The problem >> An exact restatement of the data below, with the pictures removed, is the required answer.

Data shown >>

Segment Open

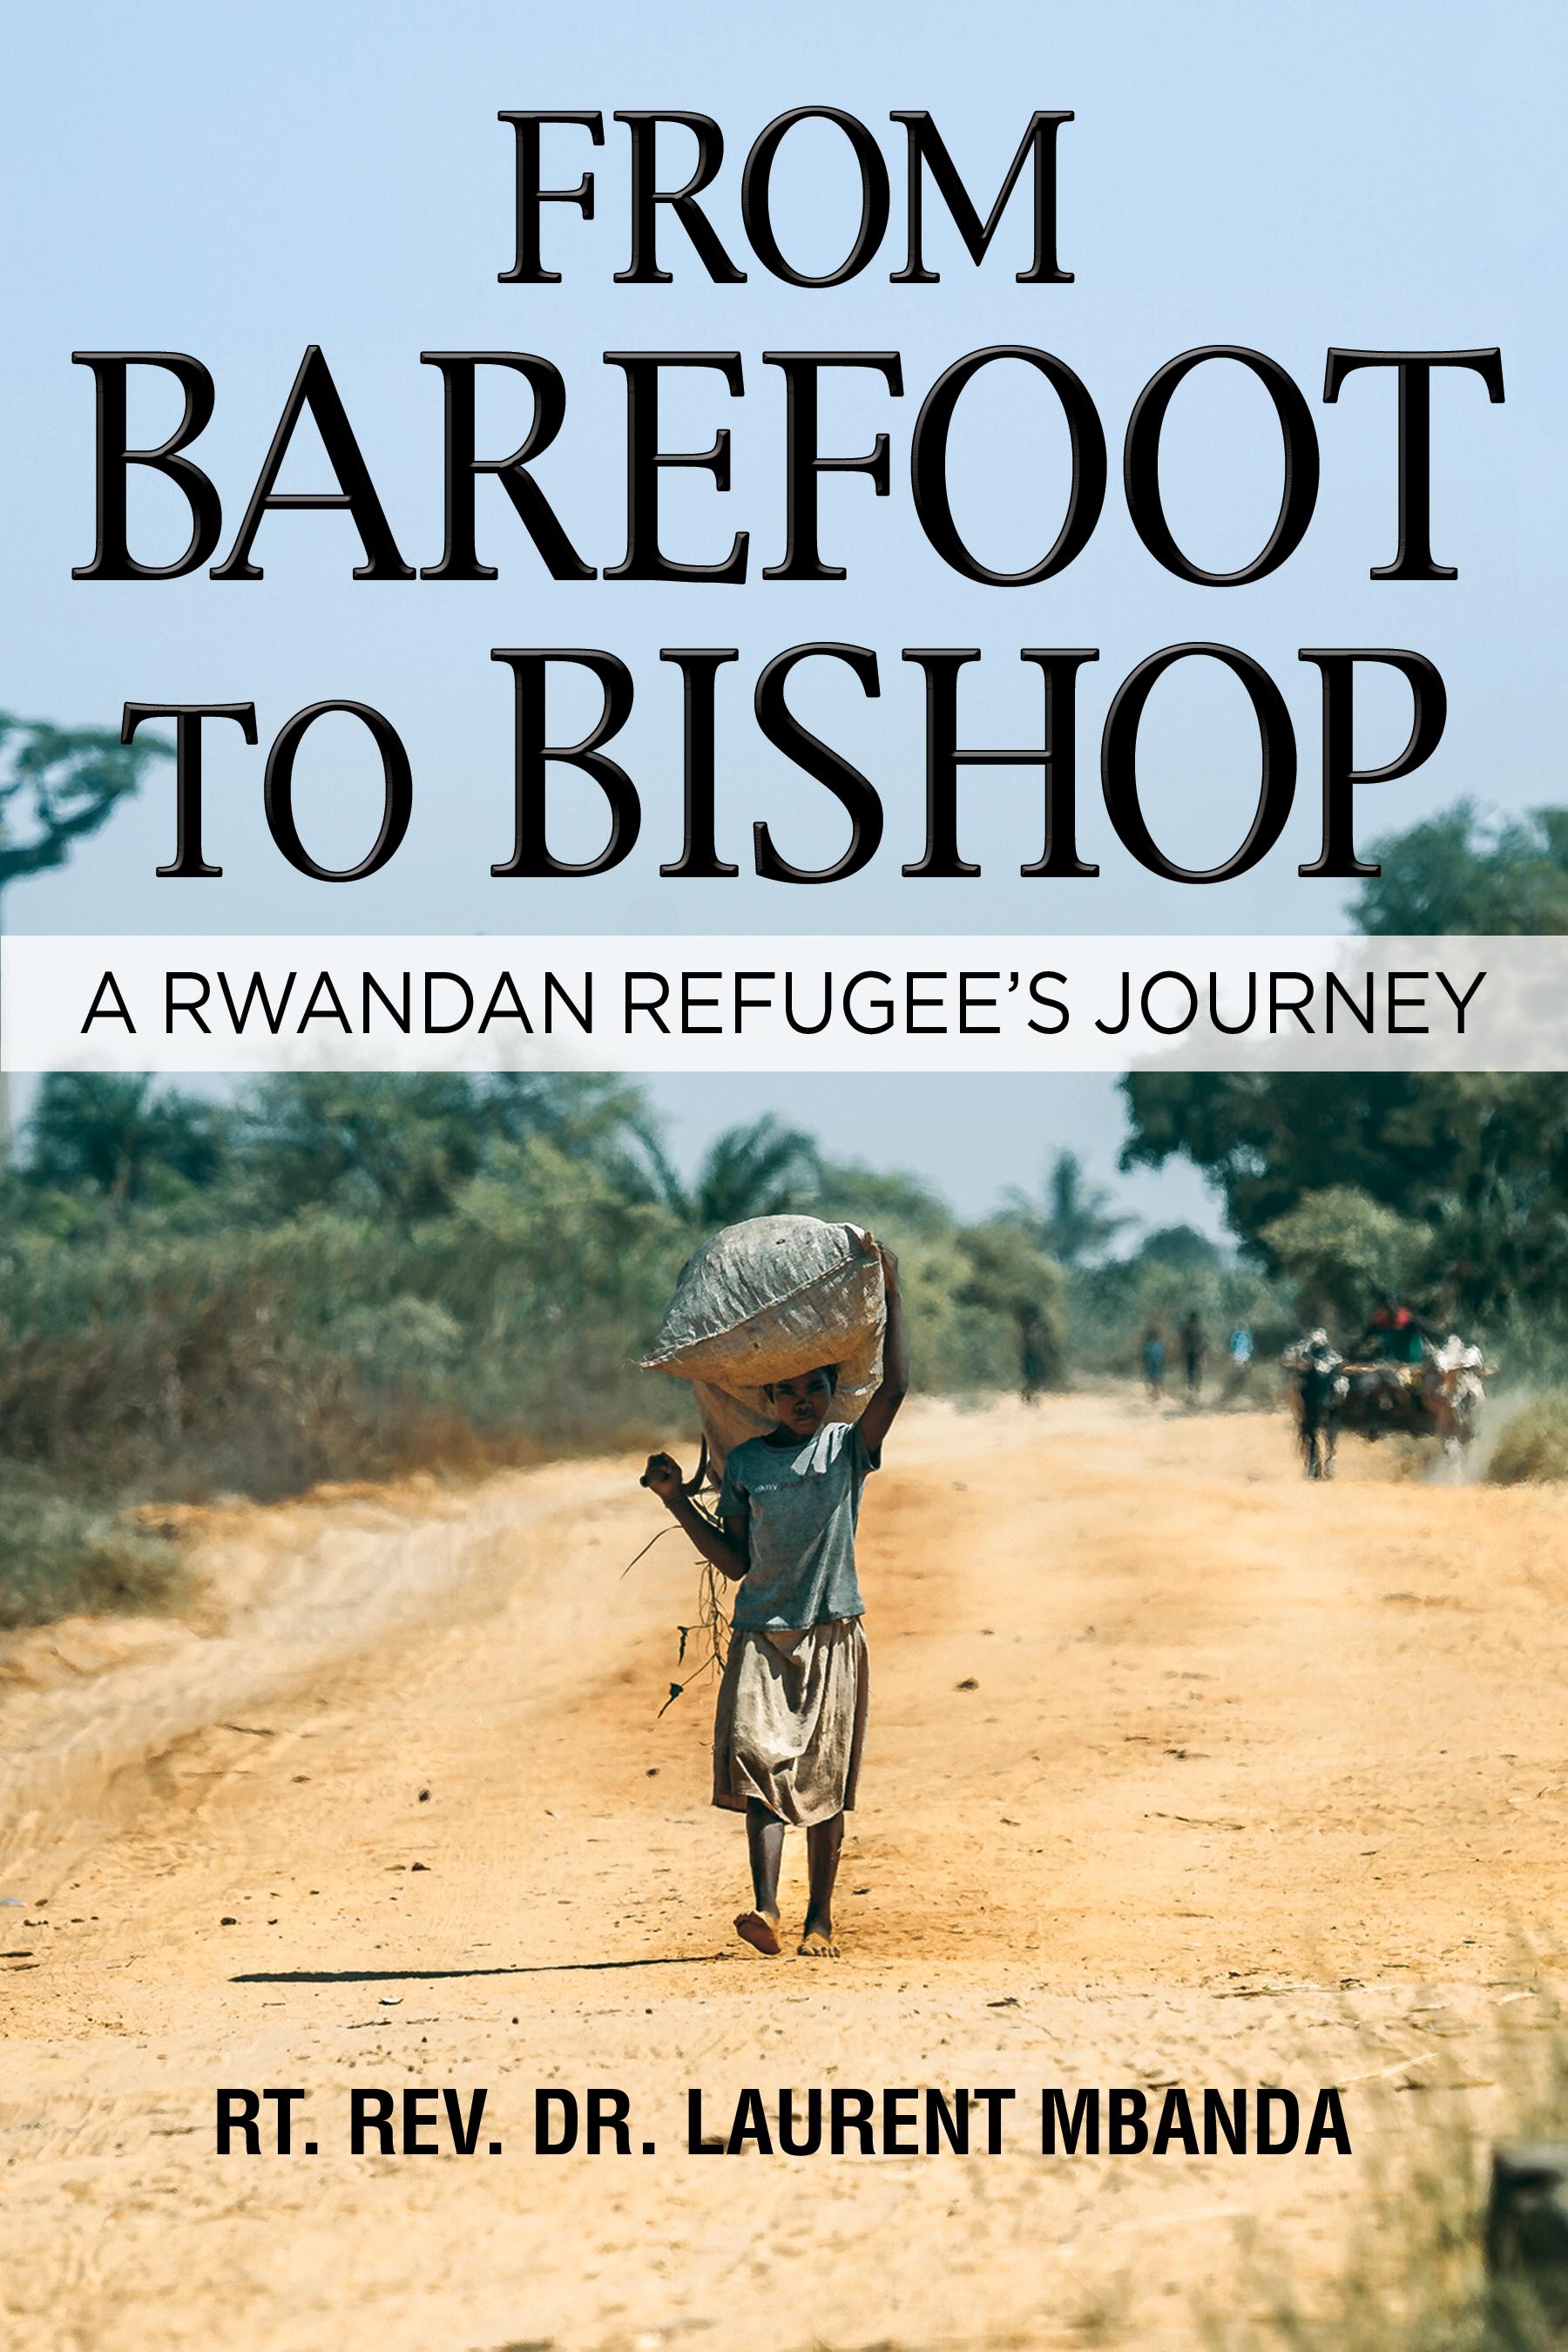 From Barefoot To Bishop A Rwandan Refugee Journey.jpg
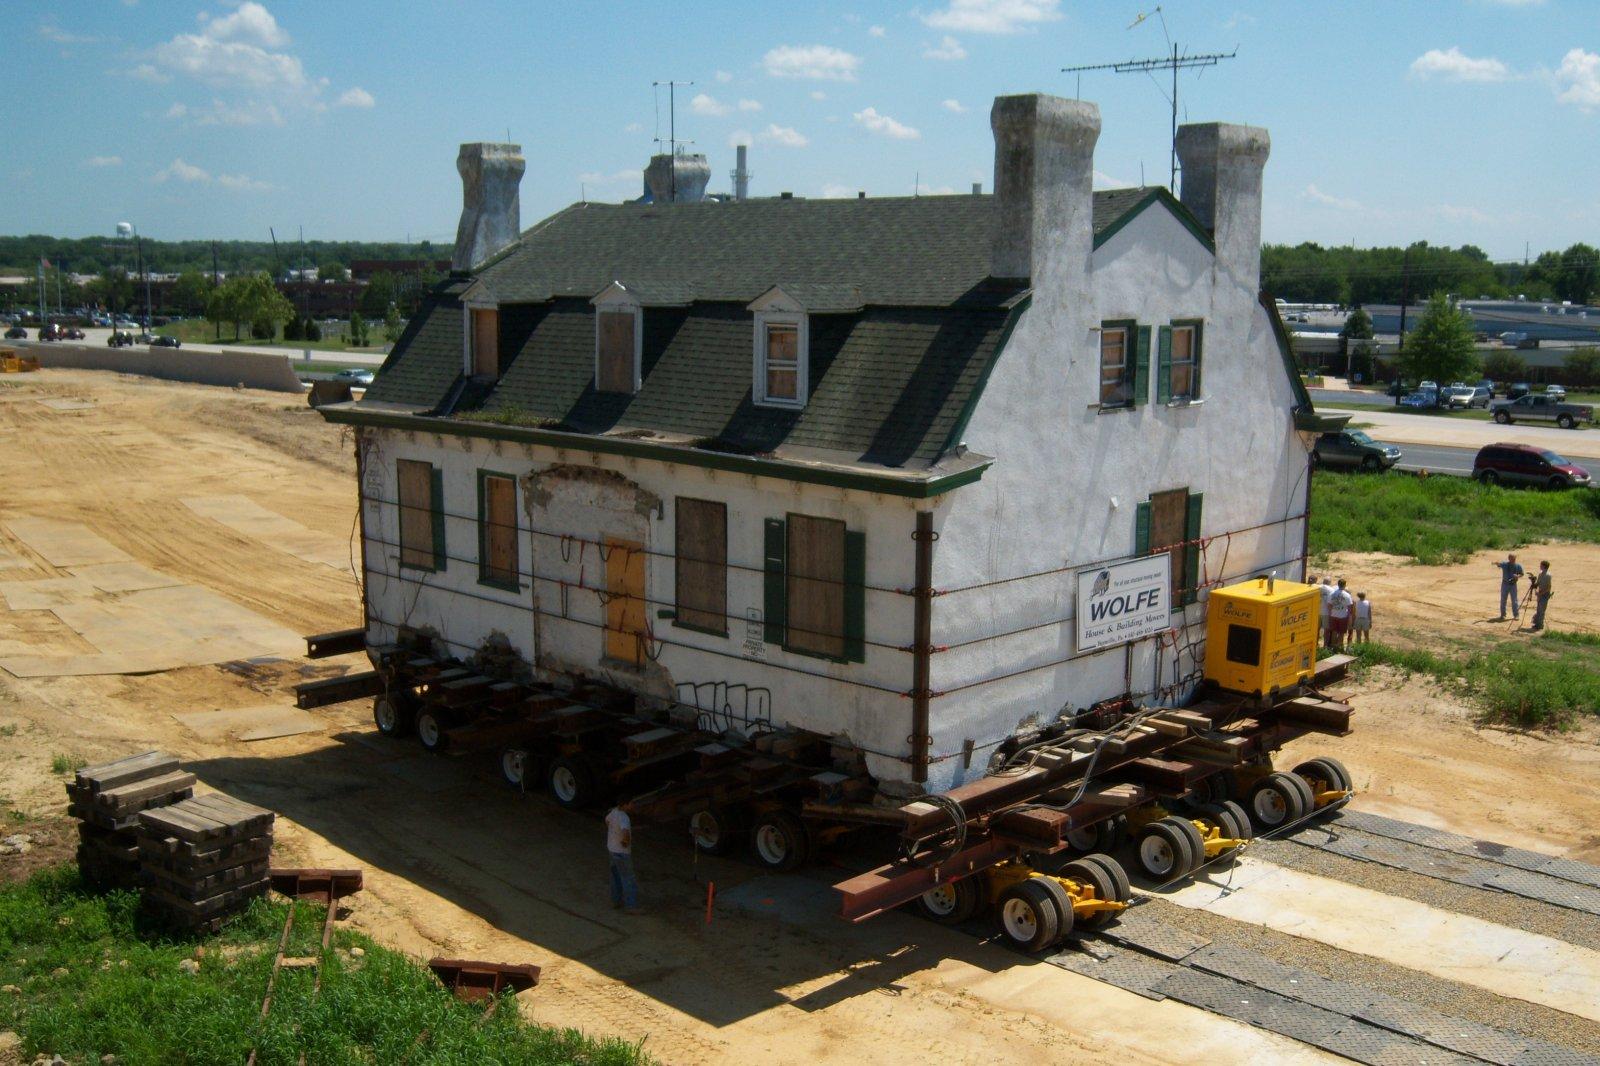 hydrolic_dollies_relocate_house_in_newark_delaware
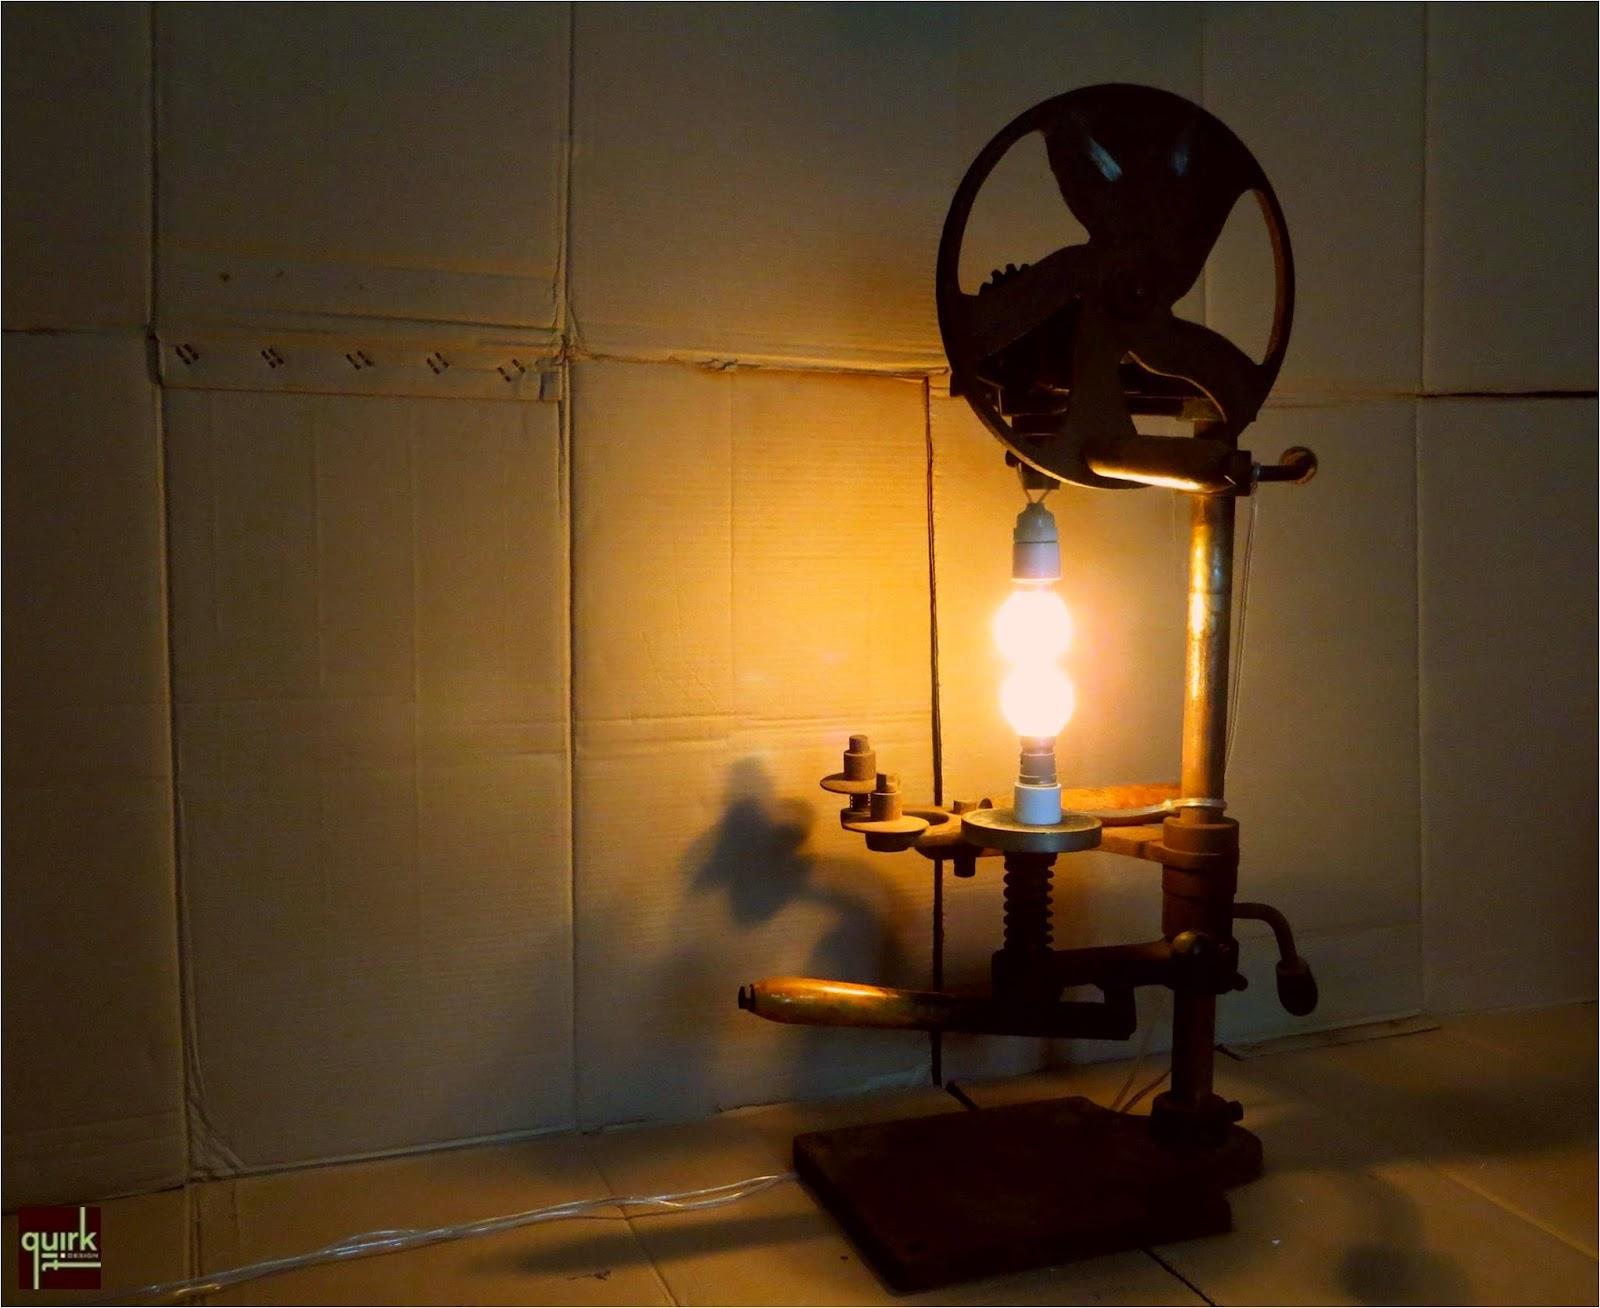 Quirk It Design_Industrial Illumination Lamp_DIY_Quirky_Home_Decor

Segment Closed

Result >>
 From Barefoot To Bishop A Rwandan Refugee Journey.jpg
 hydrolic_dollies_relocate_house_in_newark_delaware
 Quirk It Design_Industrial Illumination Lamp_DIY_Quirky_Home_Decor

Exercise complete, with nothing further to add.